What to work on - Pictures are not part of the answer. Write out exactly the lines from the one containing "Manuel Revert y" through the end of the material below.

Given information -
================

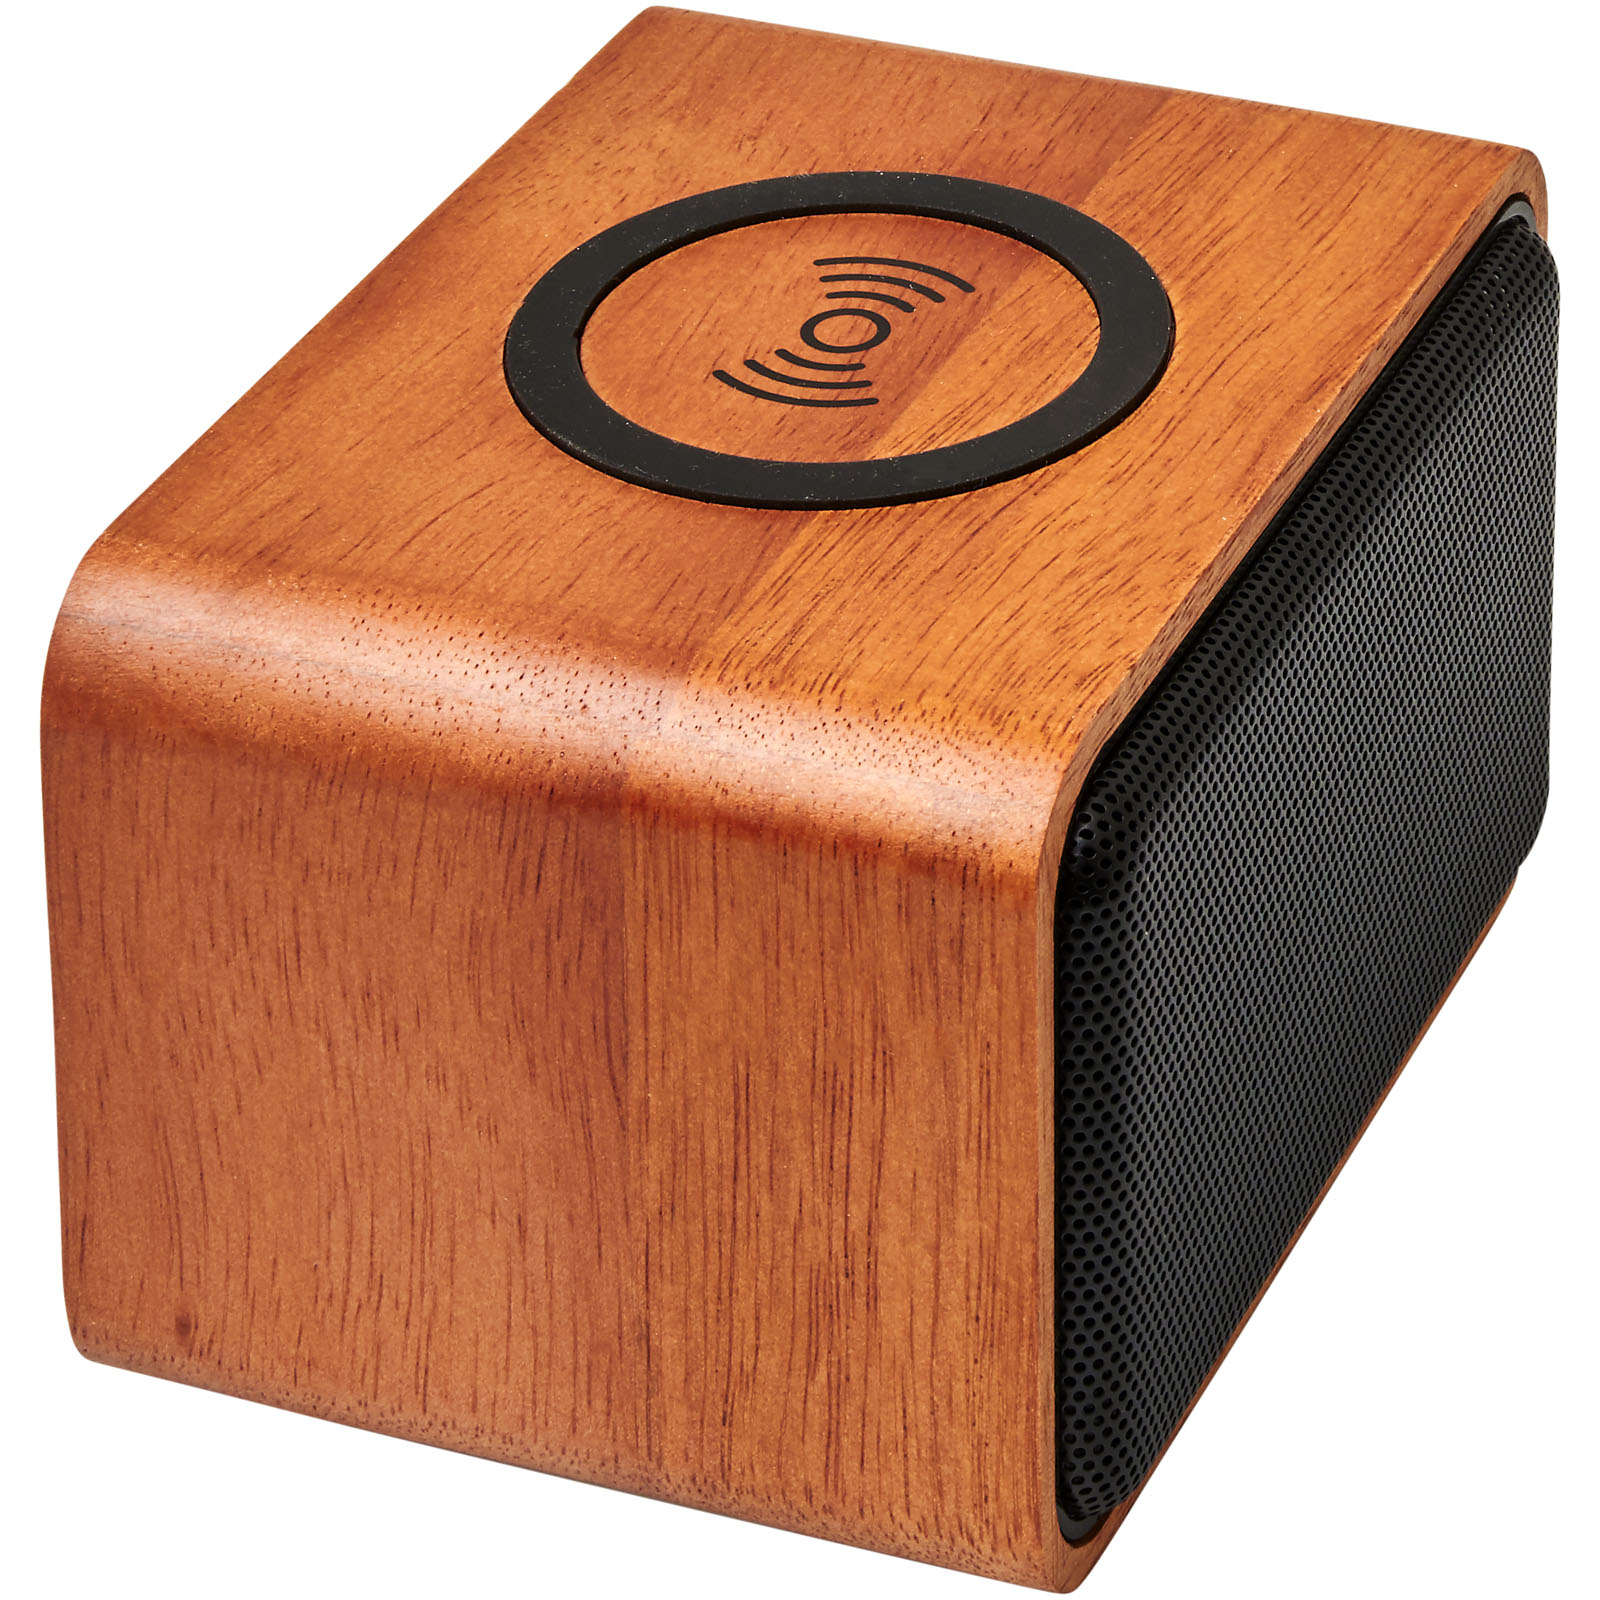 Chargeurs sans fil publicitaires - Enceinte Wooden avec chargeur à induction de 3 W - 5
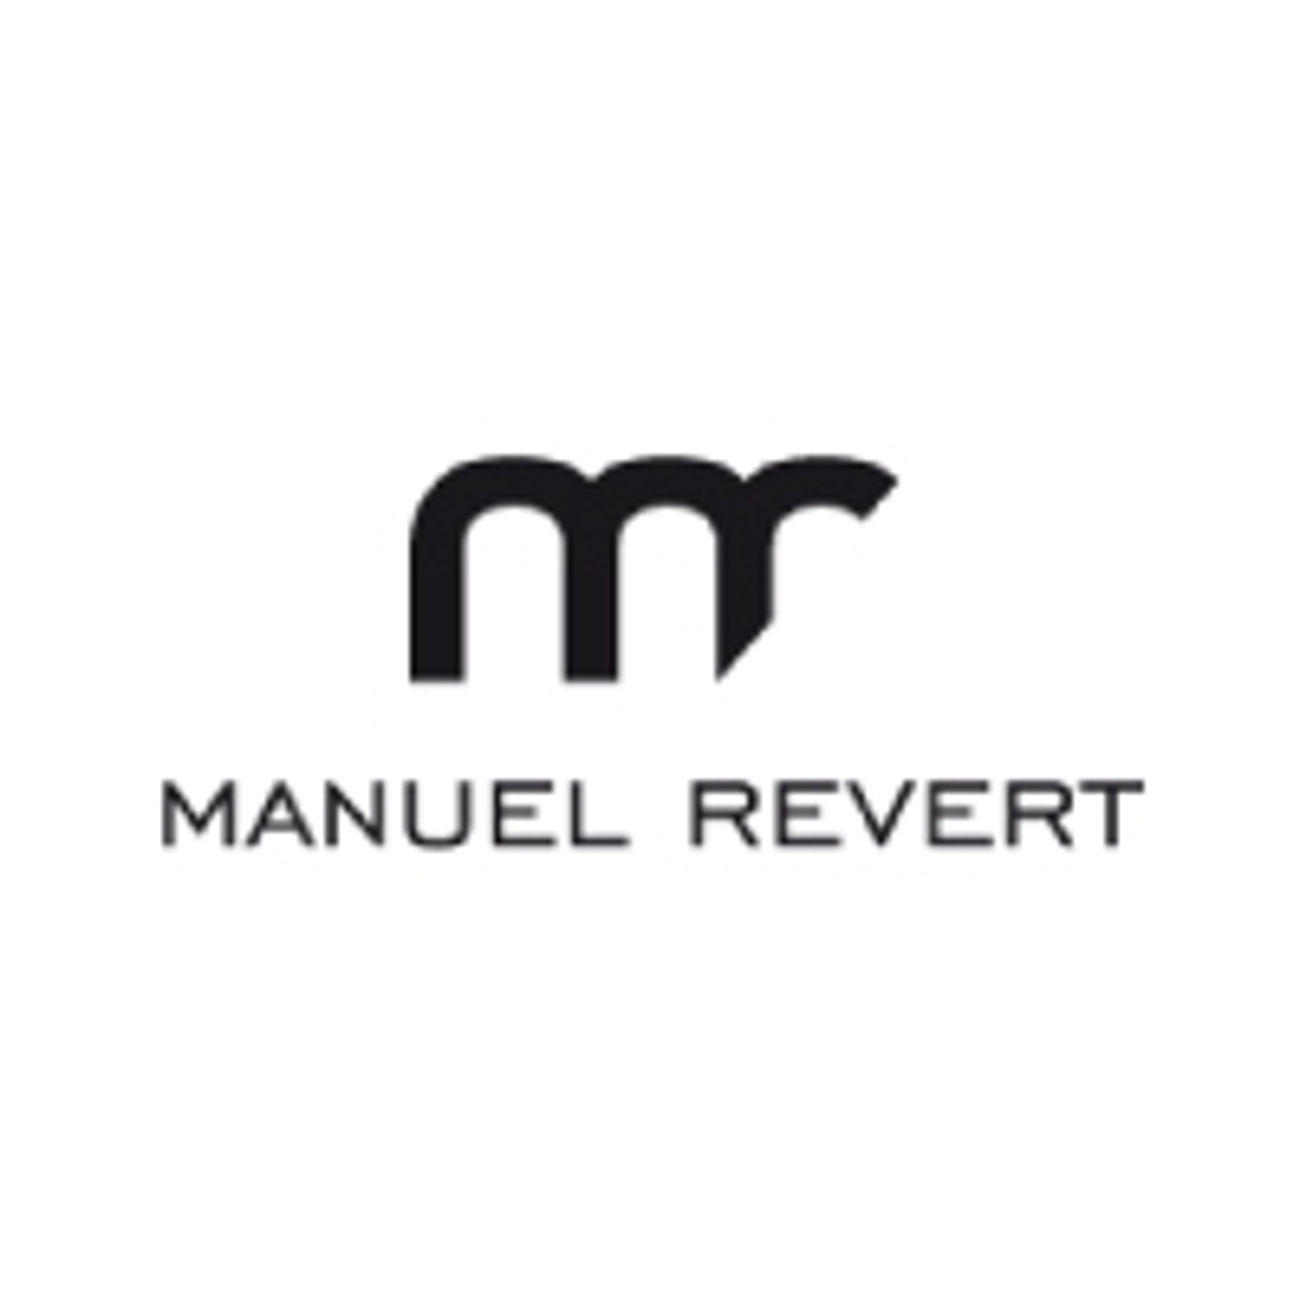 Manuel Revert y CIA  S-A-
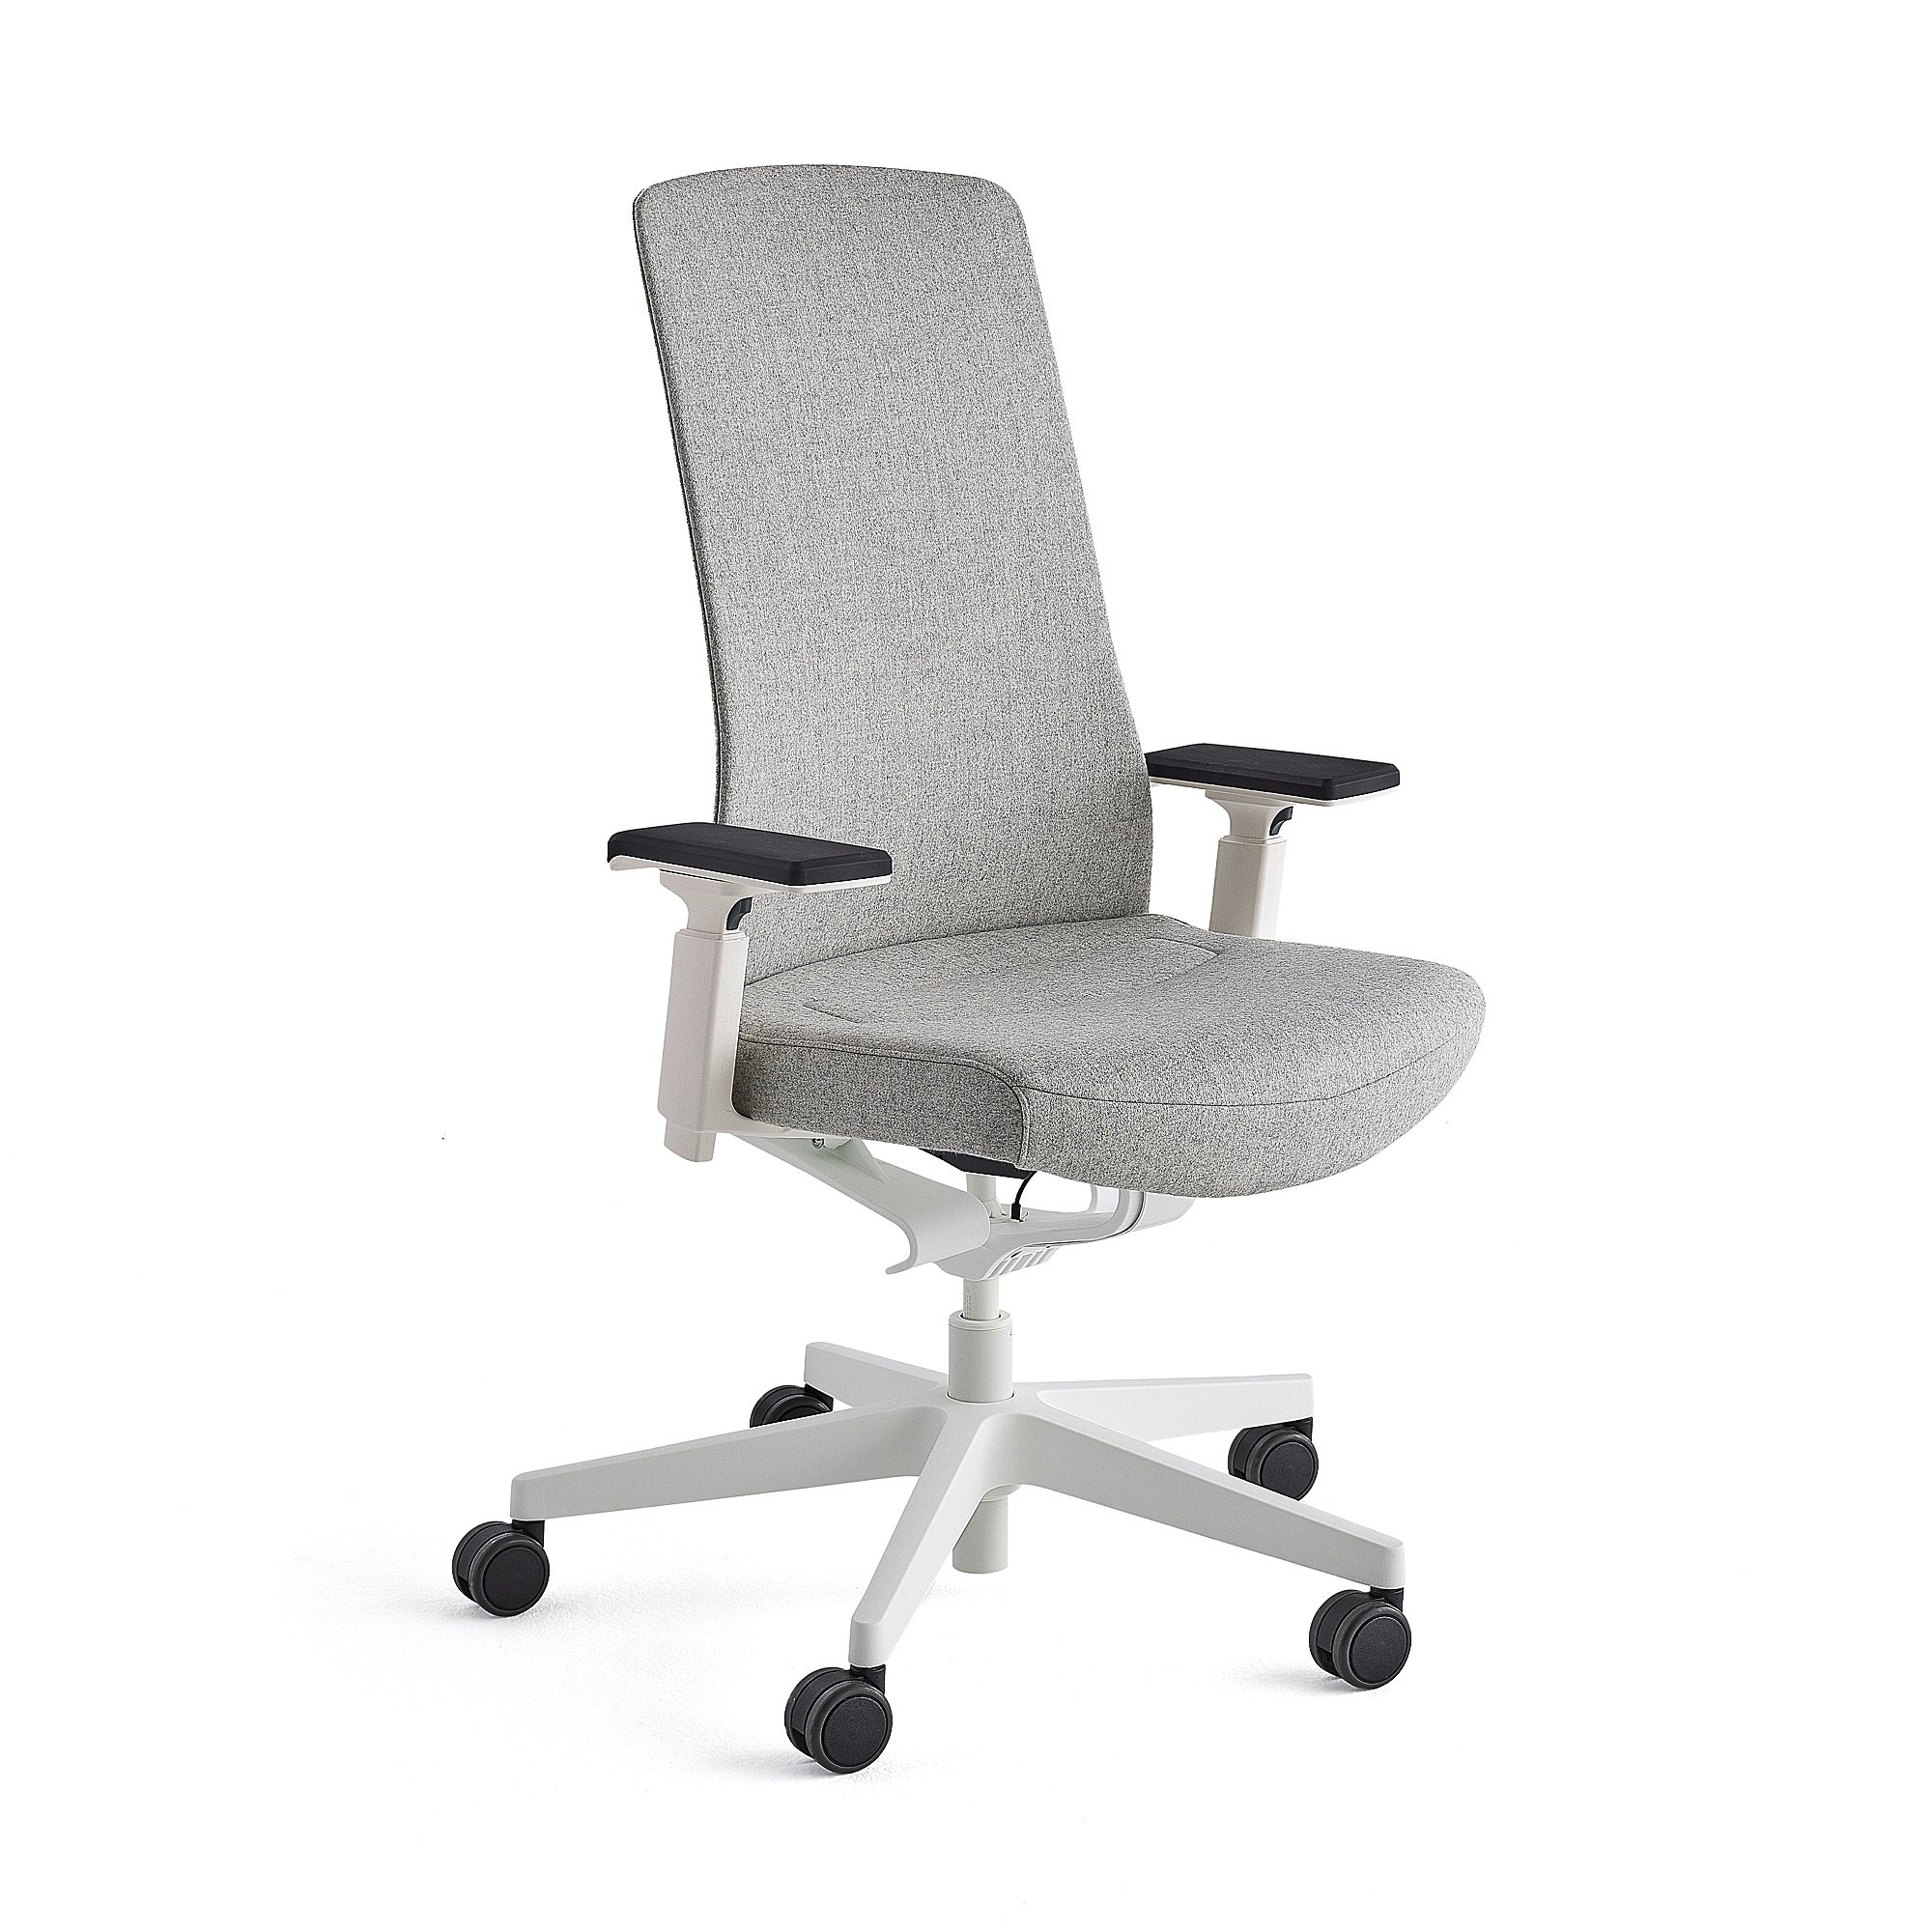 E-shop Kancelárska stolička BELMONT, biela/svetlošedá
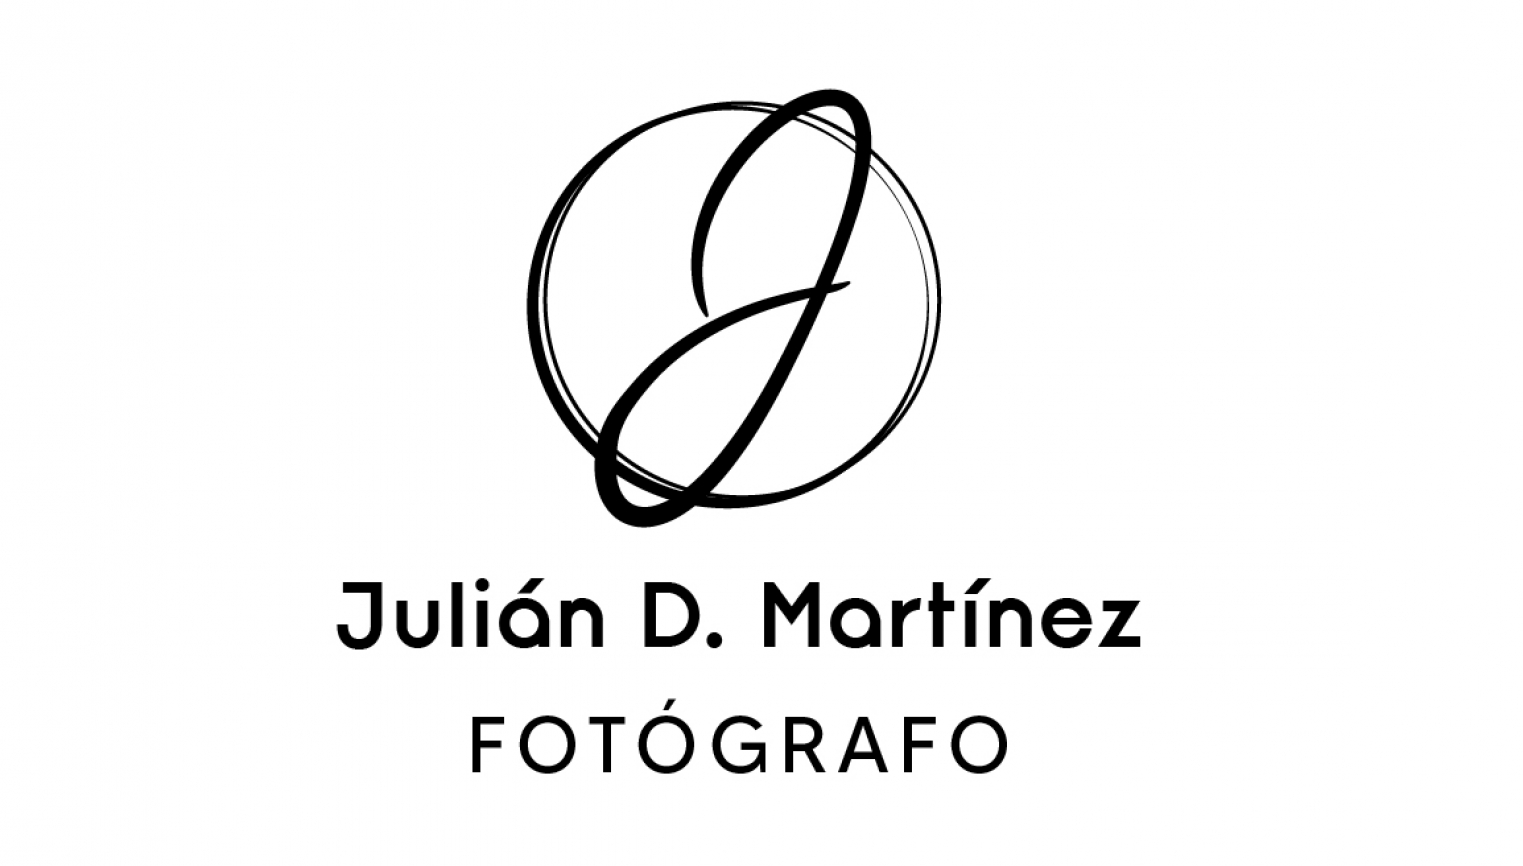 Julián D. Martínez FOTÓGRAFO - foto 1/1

================

Answer box -
 Manuel Revert y CIA  S-A-
 E-shop Kancelárska stolička BELMONT, biela/svetlošedá
 Julián D. Martínez FOTÓGRAFO - foto 1/1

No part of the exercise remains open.